Handwritten Digits Classifier

This handwritten digits dataset is from Machine Learning in Action. You can download it from here. The pixels of digits image are represented as a 0/1 matrix. And the digits images are labeled by their filenames, like the following one:

digits image example

Read the dataset into a large matrix:

import os
import numpy as np


def img2vector(filename):
    """convert image file to feature vector"""
    feature_vect = np.zeros((1, 32 * 32))
    fr = open(filename)
    for i in range(32):
        line_str = fr.readline()
        for j in range(32):
            feature_vect[0, 32*i+j] = int(line_str[j])
    return feature_vect


def read_data():
    """read training data and test data from folder `digits/`,
    return a tuple (training-data, test-data)"""
    folder = 'digits'
    training_folder = os.path.join(folder, 'trainingDigits')
    test_folder = os.path.join(folder, 'testDigits')
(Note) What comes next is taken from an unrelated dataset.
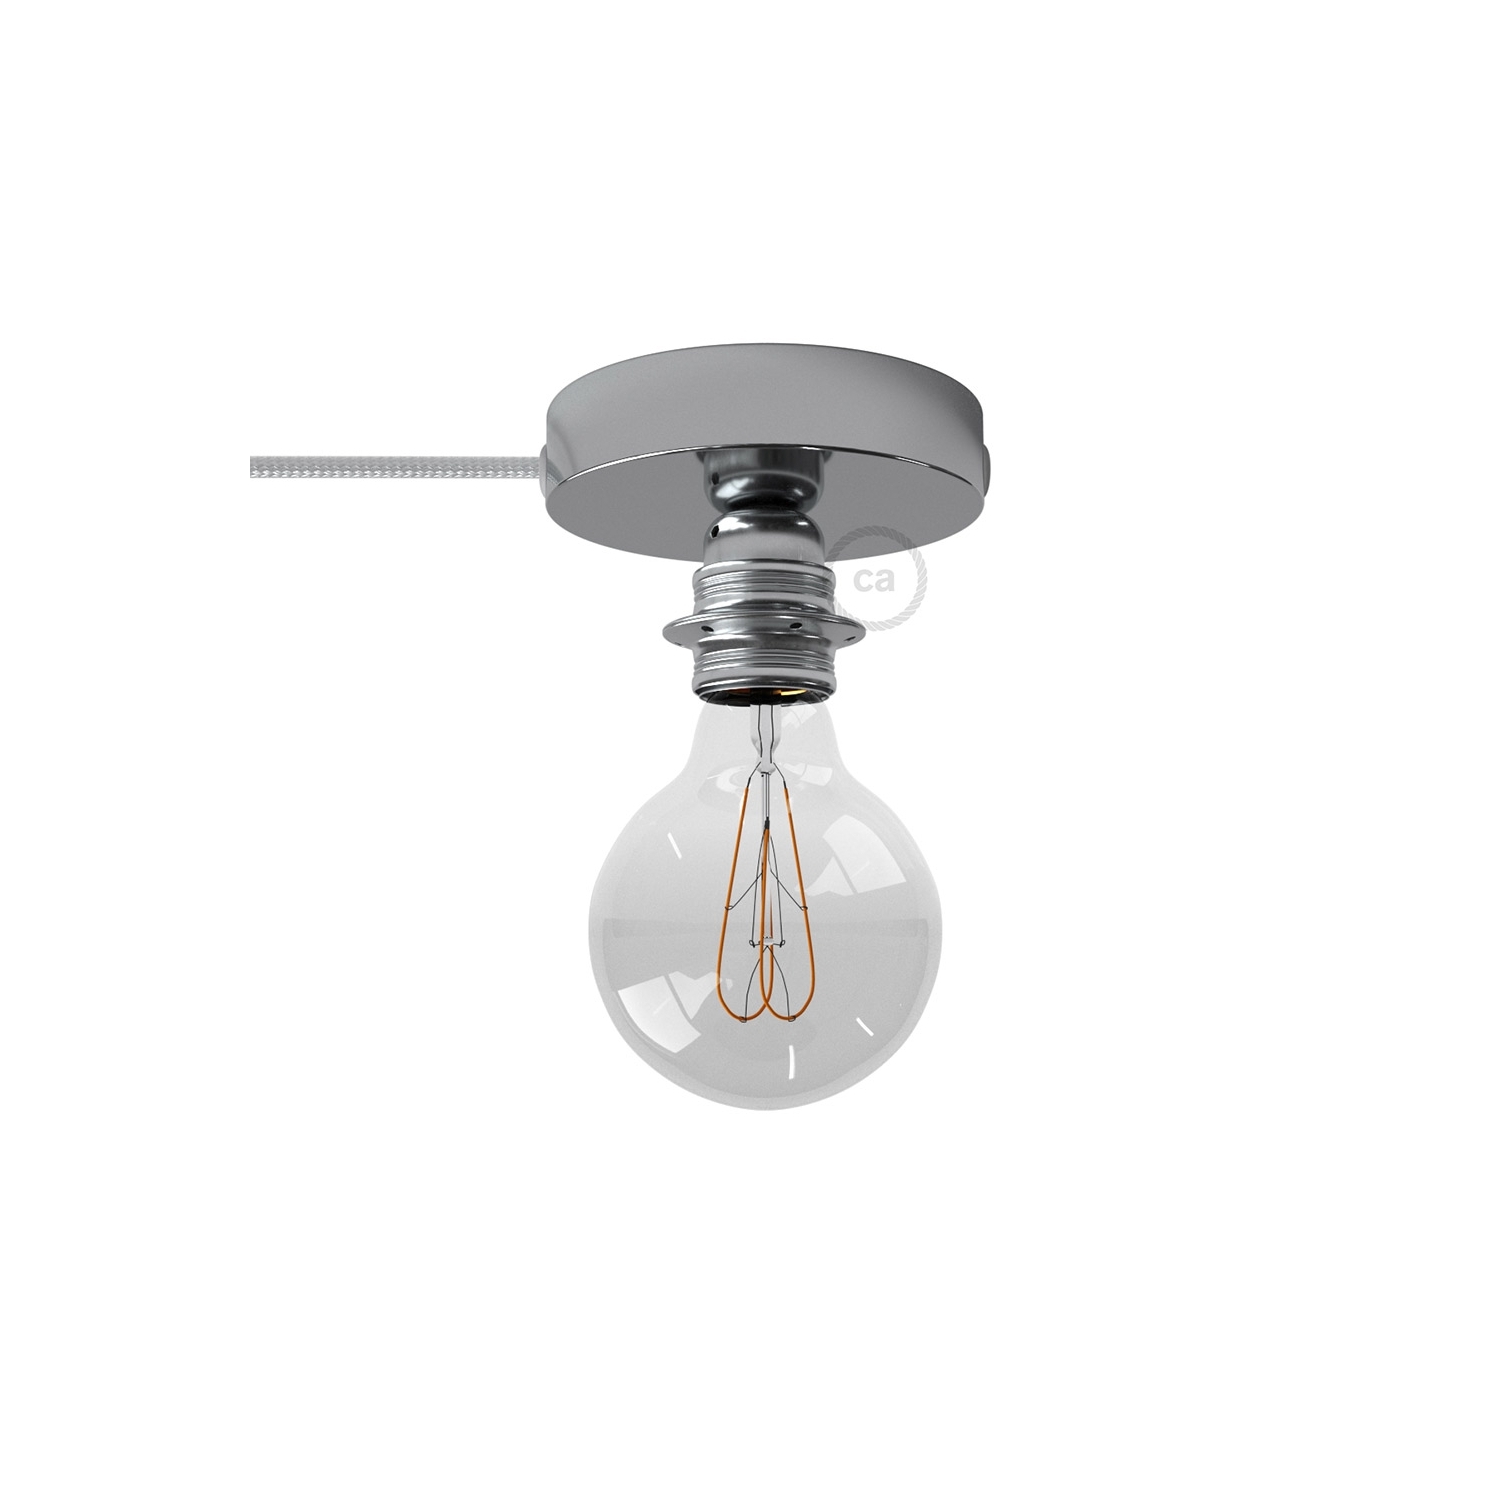 Spostaluce, the chromed metal light source with E26 threaded socket, fabric cable and side holes

    training_imgs = os.listdir(training_folder)
    test_imgs = os.listdir(test_folder)

    training_data = np.zeros((len(training_imgs), 32 * 32 + 1))
    test_data = np.zeros((len(test_imgs), 32 * 32 + 1))

    # read training data from training folder
    for k, v in enumerate(training_imgs):
        img = os.path.join(training_folder, v)
        feature_vect = img2vector(img)
        label = np.array([[int(v.split('_')[0])]])
        # data item format: label, feature_vect
        training_data[k, :] = np.concatenate((label, feature_vect), axis=1)

    # read test data from test folder
    for k, v in enumerate(test_imgs):
        img = os.path.join(test_folder, v)
        feature_vect = img2vector(img)
        label = np.array([[int(v.split('_')[0])]])
        test_data[k, :] = np.concatenate((label, feature_vect), axis=1)

    return training_data, test_data

kNN classifier:

def knn_classify(in_X, dataset, labels, k, dmetric=EUC_DM):
    """kNN classification through linearly scanning,
    kNN method 1"""
    if dmetric == EUC_DM:
        sorted_indices, _ = euclidean_metric(in_X, dataset)
    elif dmetric == MAH_DM:
        if 'cov_invmat' not in knn_cache.keys():
            print 'computing convariance matrix...'
            cov = cov_mat(dataset)
            print 'get cov!'
            knn_cache['cov_invmat'] = np.linalg.pinv(cov)

        sorted_indices, _ = mahalanobis_metric(in_X,
                                               knn_cache['cov_invmat'],
                                               dataset)

    # find the majority class
    class_count = {}
    for i in range(k):
        vote_label = labels[sorted_indices[i]]
        class_count[vote_label] = class_count.get(vote_label, 0) + 1

    sorted_class_count = sorted(class_count.iteritems(),
                                key=lambda x: x[1], reverse=True)
    return sorted_class_count[0][0]

kd-tree based kNN classifier:

def kd_knn_classify(in_X, dataset, labels, k, dmetric=EUC_DM):
    """kNN classification using kd-tree,
    kNN method 3"""
    kdtree = KDTree(dataset)
    indices, distances = kdtree.search_knn(in_X, k, dmetric)

    # find the majority class
    class_count = {}
    for i in range(k):
        vote_label = labels[indices[i]]
        class_count[vote_label] = class_count.get(vote_label, 0) + 1

    sorted_class_count = sorted(class_count.iteritems(),
                                key=lambda x: x[1], reverse=True)
    return sorted_class_count[0][0]

After implemted kNN classifier, I did test on the test dataset with $k = 3$, it got 98.78% accuracy. Pretty remarkable!